The liability of the principal/employer and the recruitment/placement agency for any and all claims under this section shall be joint and several. This provision shall be incorporated in the contract for overseas employment and shall be a condition precedent for its approval.  The performance bond to [be] filed by the recruitment/placement agency, as provided by law, shall be answerable for all money claims or damages that may be awarded to the workers.  If the recruitment/placement agency is a juridical being, the corporate officers and directors and partners as the case may be, shall themselves be jointly and solidarily liable with the corporation or partnership for the aforesaid claims and damages.

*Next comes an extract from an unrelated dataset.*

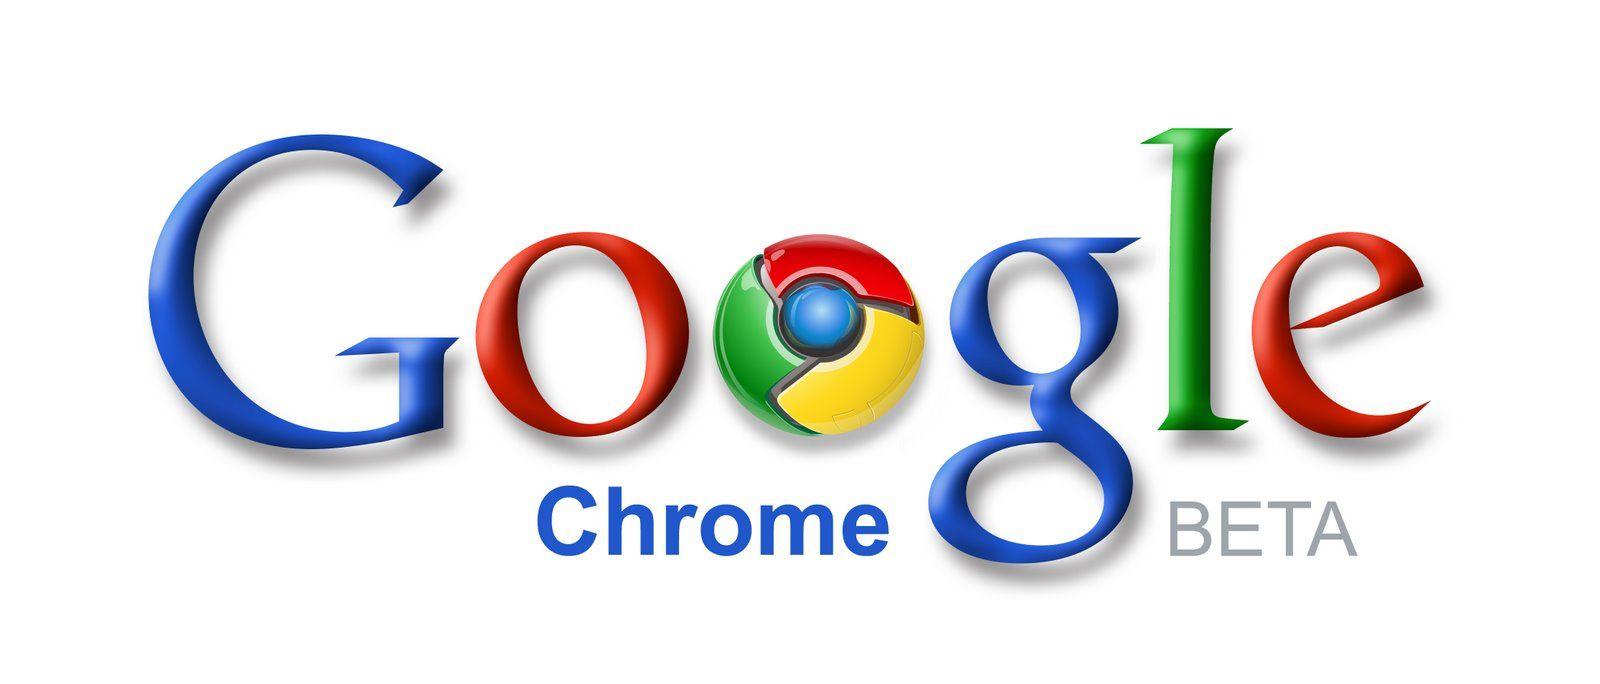 Chrome Logo - Google Chrome | Logopedia | FANDOM powered by Wikia

Such liabilities shall continue during the entire period or duration of the employment contract and shall not be affected by any substitution, amendment or modification made locally or in a foreign country of the said contract.

x x x x (Italics ours)

Thus, every applicant for license to operate a seafarers' manning agency shall, in the case of a corporation or partnership, submit a written application together with, among others, a verified undertaking by officers, directors and partners that they will be jointly and severally liable with the company over claims arising from employer-employee relationship.[17]  Laws are deemed incorporated in employment contracts and the contracting parties need not repeat them.  They do not even have to be referred to.  Every contract, thus, contains not only what has been explicitly stipulated, but also the statutory provisions that have any bearing on the matter.[18]

WHEREFORE, the petition is DENIED.

SO ORDERED.

Velasco, Jr., (Chairperson), Peralta, Del Castillo,* and Villarama, Jr., JJ., concur.





March 23, 2015


N O T I C E OF J U D G M E N T


Sirs/Mesdames:

Please take notice that on ___February 18, 2015___ a Decision, copy attached herewith, was rendered by the Supreme Court in the above-entitled case, the original of which was received by this Office on March 23, 2015 at 2:45 p.m.


Very truly yours,
(SGD)
WILFREDO V. LAPITAN

Division Clerk of Court



* Acting Member per Special Order No. 1934 dated February 11, 2015 vice Associate Justice Francis H. Jardeleza.

[1] Rollo, pp. 29-55.

[2] Penned by Associate Justice Florito S. Macalino, with Associate Justices Sesinando E. Villon and Nina G. Antonio-Valenzuela concurring; id. at 57-66.

[3] Id. at 58.

[4] Id. at 58-59.

[5] Id. at 59.

[6] Id.

[7] Id. at 59-60.

[8] Id. at 61.

[9] Id. at 65.

[10] Id. at 57-66.

[11] Id. at 62-63.

[12] Any item in the schedule classified under Grade 1 shall be considered or shall constitute total and permanent disability.

[13] G.R. No. 198501, January 30, 2013, 689 SCRA 795.

[14] Id. at 811-812.

[15] G.R. No. 154798, October 20, 2005, 473 SCRA 559.

[16] Id. at 568.

[17] See Skippers United Pacific, Inc. v. Maguad, 530 Phil. 367, 396 (2006)

[18] Maritime Company of the Philippines v. Reparations Commission, etc., 148-B Phil. 65, 70 (1971).